JAKARTA — Program Bulan Dana PMI DKI Jakarta sejatinya bertujuan mulia untuk mendukung kegiatan kemanusiaan. Namun, di lapangan praktiknya sering menimbulkan beban ganda bagi warga, khususnya kelompok kurang mampu.
Alih-alih sukarela, pengumpulan dana kerap dilakukan dengan menentukan besaran nominal serta batas waktu setor. Ironisnya, warga miskin justru bisa kena pungut 3 sampai 4 kali, mulai dari lingkungan RT/RW, di fasilitas layanan publik seperti kelurahan dan puskesmas, hingga di sekolah tempat anak-anak mereka belajar.
Di tengah kondisi hidup yang kian berat, dengan harga kebutuhan pokok yang terus merangkak naik, biaya transportasi yang makin mahal, hingga tagihan listrik dan air yang tak bisa ditunda, pungutan berlapis ini menambah tekanan ekonomi bagi keluarga miskin di Jakarta.
ADVERTISEMENT

SCROLL TO RESUME CONTENT
Padahal, dasar hukum pengumpulan Bulan Dana PMI, yakni Keputusan Presiden RI Nomor 18 Tahun 2017 tentang Pengesahan Anggaran Dasar Palang Merah Indonesia, serta peraturan pelaksanaannya di tingkat daerah, menegaskan bahwa pengumpulan sumbangan dilakukan secara sukarela, bukan dengan penentuan besaran dan kewajiban setoran.
“Kalau dihitung-hitung, warga miskin bisa diminta sumbangan sampai empat kali. Nominalnya memang kecil, tapi buat mereka yang serba pas-pasan, tetap saja terasa berat. Apalagi dilakukan di sekolah dan fasilitas publik yang mestinya melindungi warga, bukan menekan,” ujar Marlo Sitompul, S.H., aktivis pendamping rakyat miskin kota, di Jakarta, Sabtu (13/9).

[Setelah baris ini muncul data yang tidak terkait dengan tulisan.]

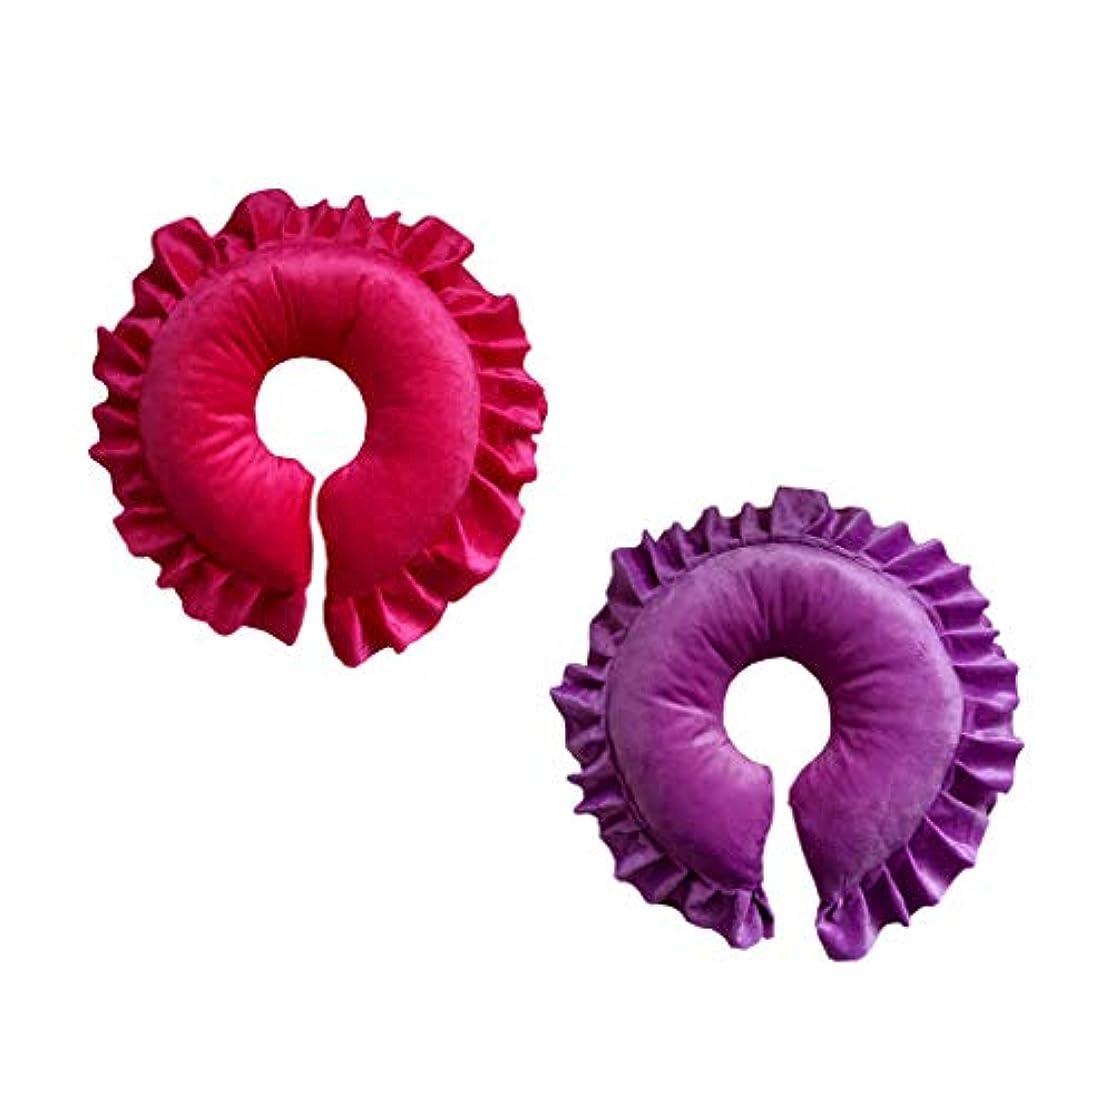 スペクトラム免疫記述するPerfeclan 2個 フェイスピロー マッサージ枕 クッション サロン スパ 快適 実用的 紫&赤 2ピース

Marlo menegaskan bahwa praktik ini bukan saja menyalahi prinsip sukarela, tetapi juga menimbulkan stigma sosial. “Warga yang tidak mampu menyetor sering dianggap tidak peduli sosial. Ini berbahaya, karena menimbulkan tekanan psikologis, padahal masalahnya murni keterbatasan ekonomi,” tambahnya.
Usulan Solusi
Untuk mengembalikan Bulan Dana PMI sesuai semangat kemanusiaan, Marlo menyarankan:
- Mekanisme pembebasan bagi keluarga miskin agar tidak terkena pungutan berlapis.
- Transparansi target dan penggunaan dana, sehingga publik tahu aliran donasi secara jelas.

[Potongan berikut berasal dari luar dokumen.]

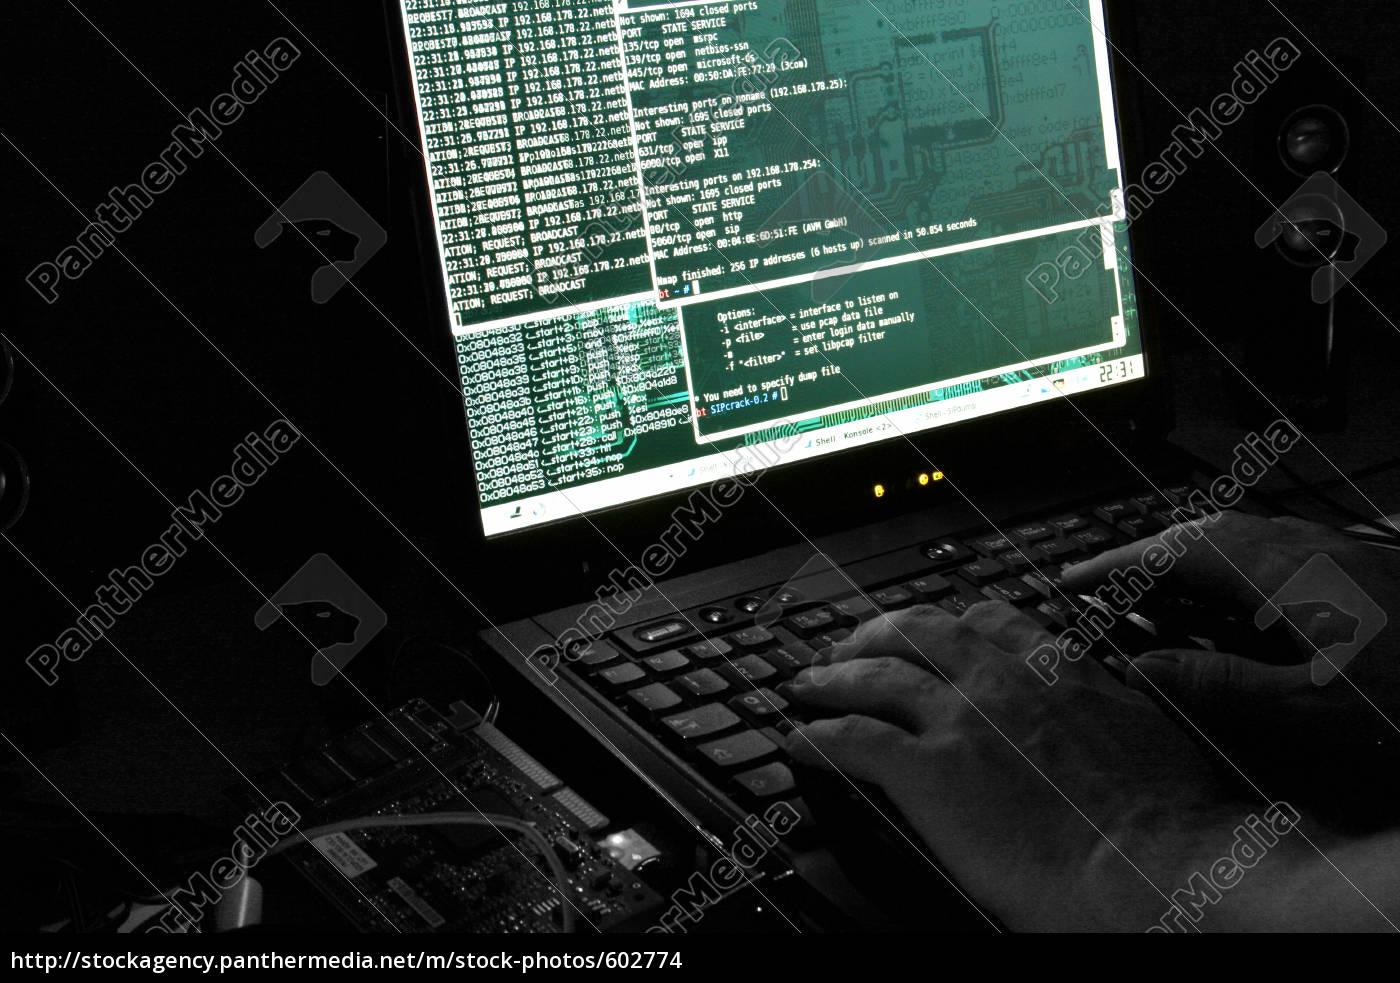 hacking2 - 602774

- Digitalisasi donasi lewat kanal resmi untuk memudahkan warga yang mampu, sekaligus mencegah pungutan liar.
- Sosialisasi luas bahwa sumbangan bersifat sukarela, bukan kewajiban.
- Pengawasan ketat pemerintah daerah, agar tidak ada lagi pungutan yang menekan warga miskin.
“PMI harus kembali ke khitahnya: menggerakkan solidaritas warga secara sukarela. Jangan sampai lembaga kemanusiaan justru membebani mereka yang paling tidak mampu,” tutup Marlo.